Kickoff – “Travis Johnson is like a dredlocked Buddha. Very wise.” Edition
Sep 17, 2008 2008 Season, H/T Eric, Ike, Kickoff, Super Mario, Travis Johnson explains things, Vince Young can't read this post
Lose, you did not. Reader Evan passes along this ESPN story talking about players dealing with home damage while also trying to prepare for a game. We kid about how it must be nice to play a kid’s game for millions of dollars, but it’s got to be a serious pain in the ass to have added spotlight and pressure on you and your performance while also dealing with a giant hole in your roof. Of course, the most shocking revelation in the whole article is Travisty going all touchy-feely on us. “I lost stuff. I lost a lot. But, you don’t lose anything when you’ve still got your family.”
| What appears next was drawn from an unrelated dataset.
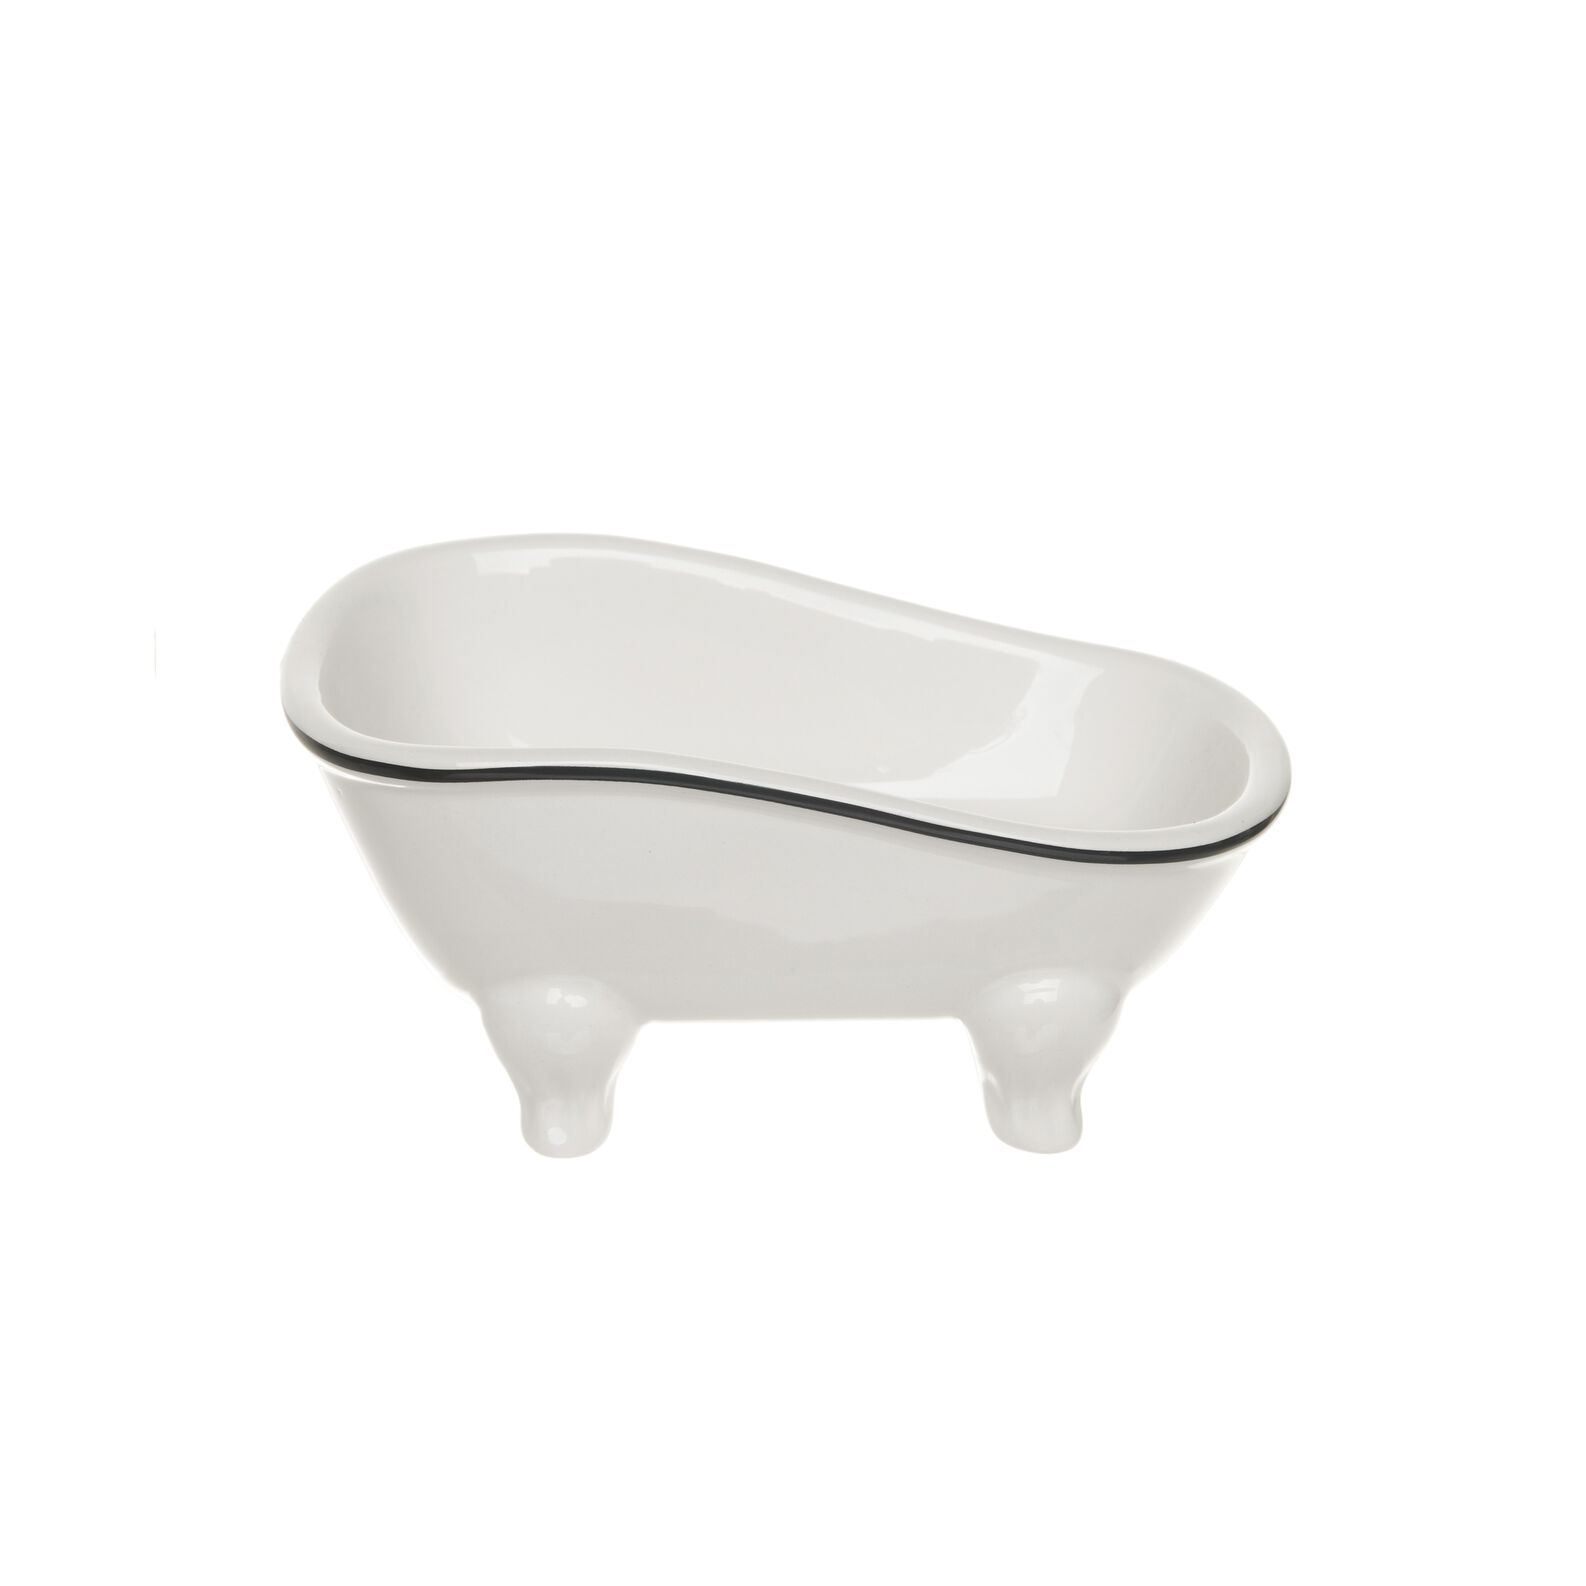 Les Bains ceramic soap dish
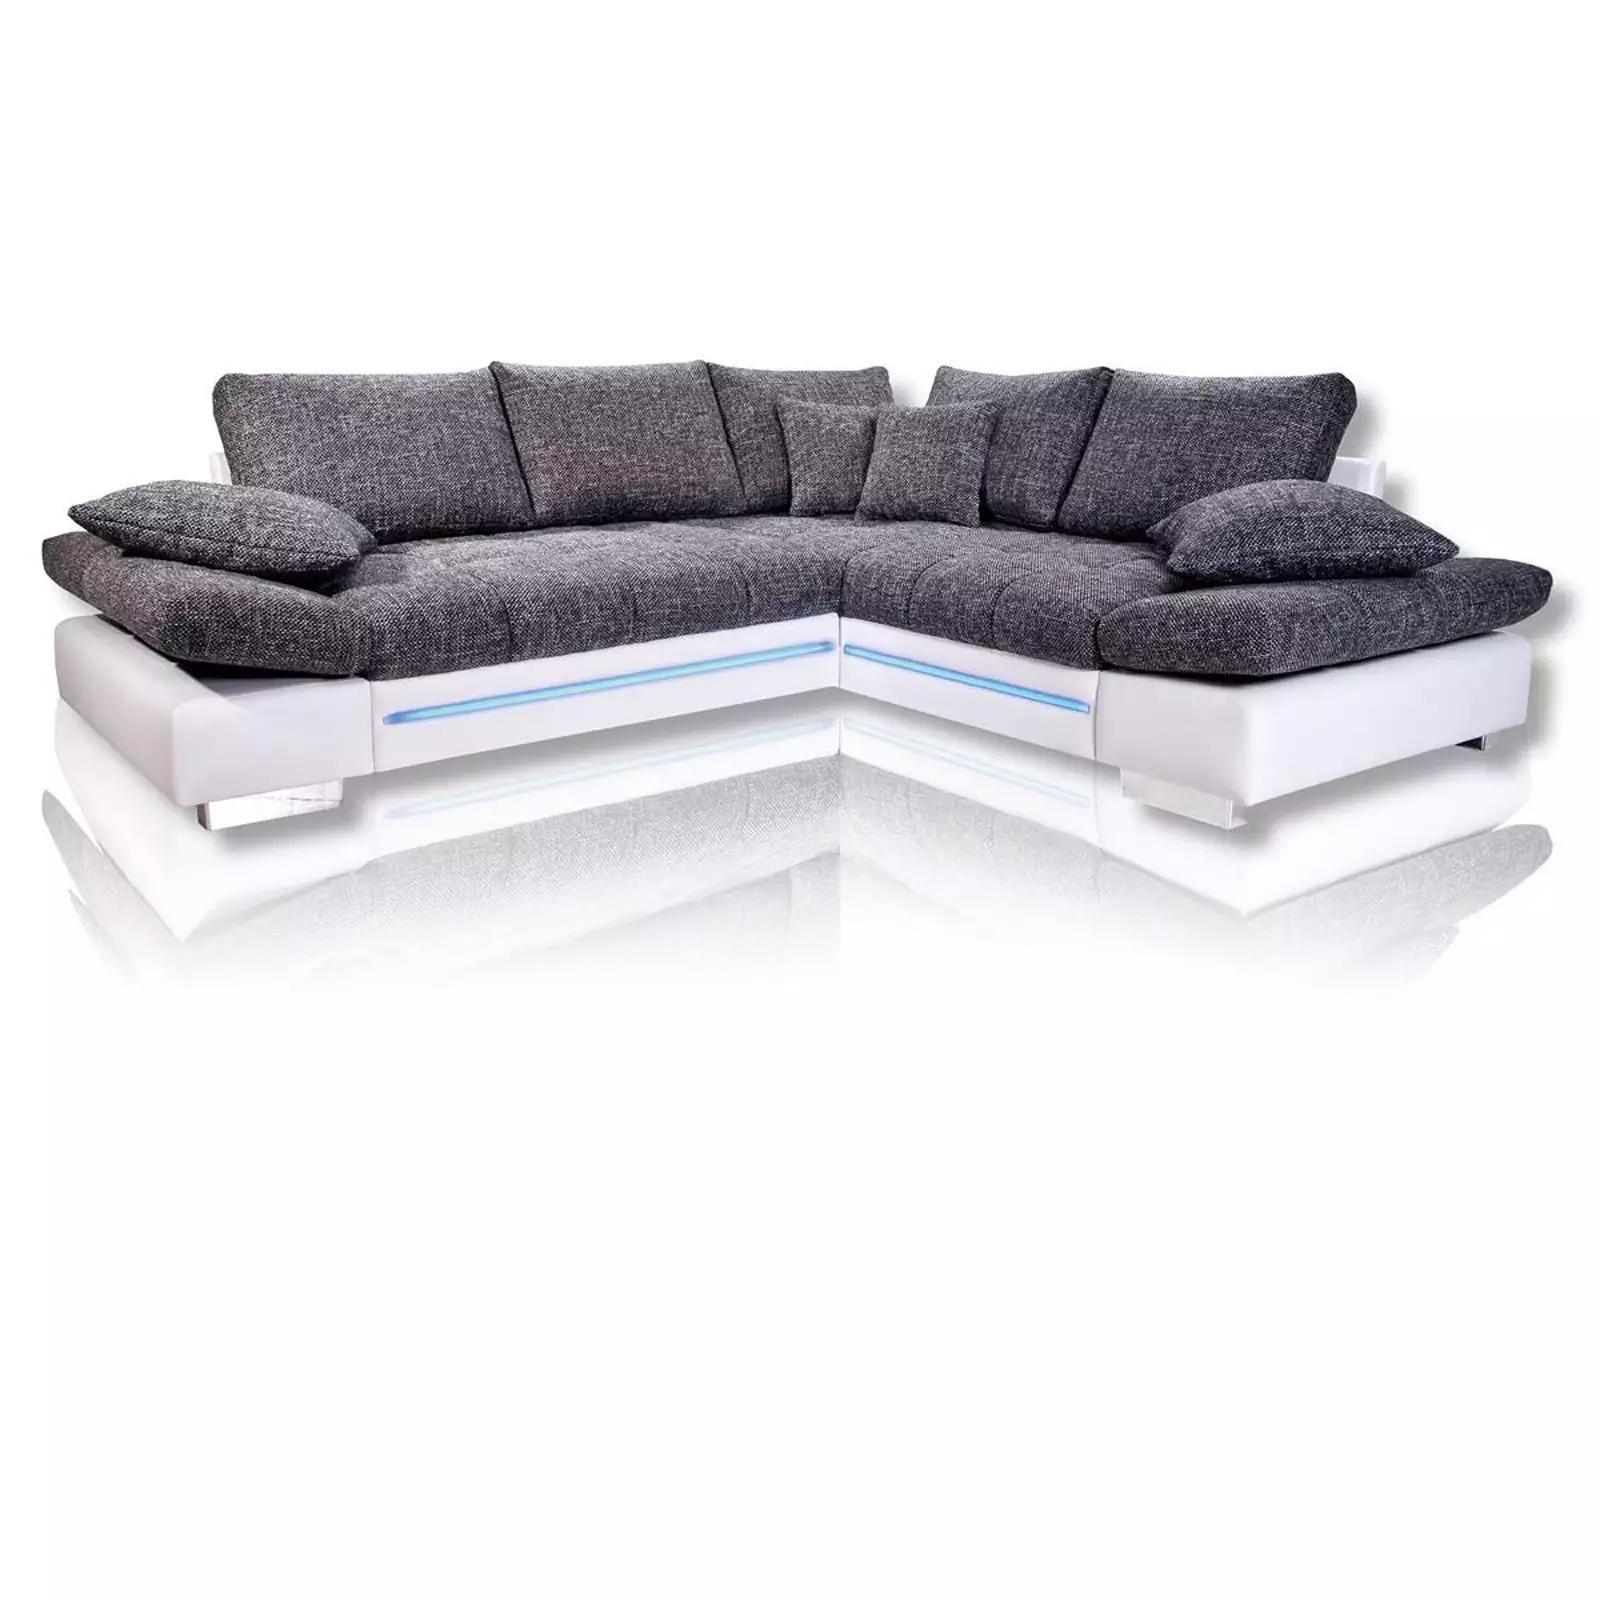 40% sparen - Ecksofa weiß-silber mit LED von ROLLER - nur ...

The only explanation is that Jeff Zgonina reads Houston Diehards. Chris has a poll up on his blog, asking “Travis Johnson is hurting and may miss some time. Who do you think deserves to start in his place?” Now, almost as weird as the fact that Frank Okam is not running away with the voting despite (a) showing how much impact a real NT could have during his first team preseason reps and (b) being the only nose tackle we’ve had in six-plus years of existence, is the fact that Jeff effin’ Zgonina has SIX votes. (Also, while I like Bulman, he’d be better off in a rotation at DE/UT rather than a starting NT.)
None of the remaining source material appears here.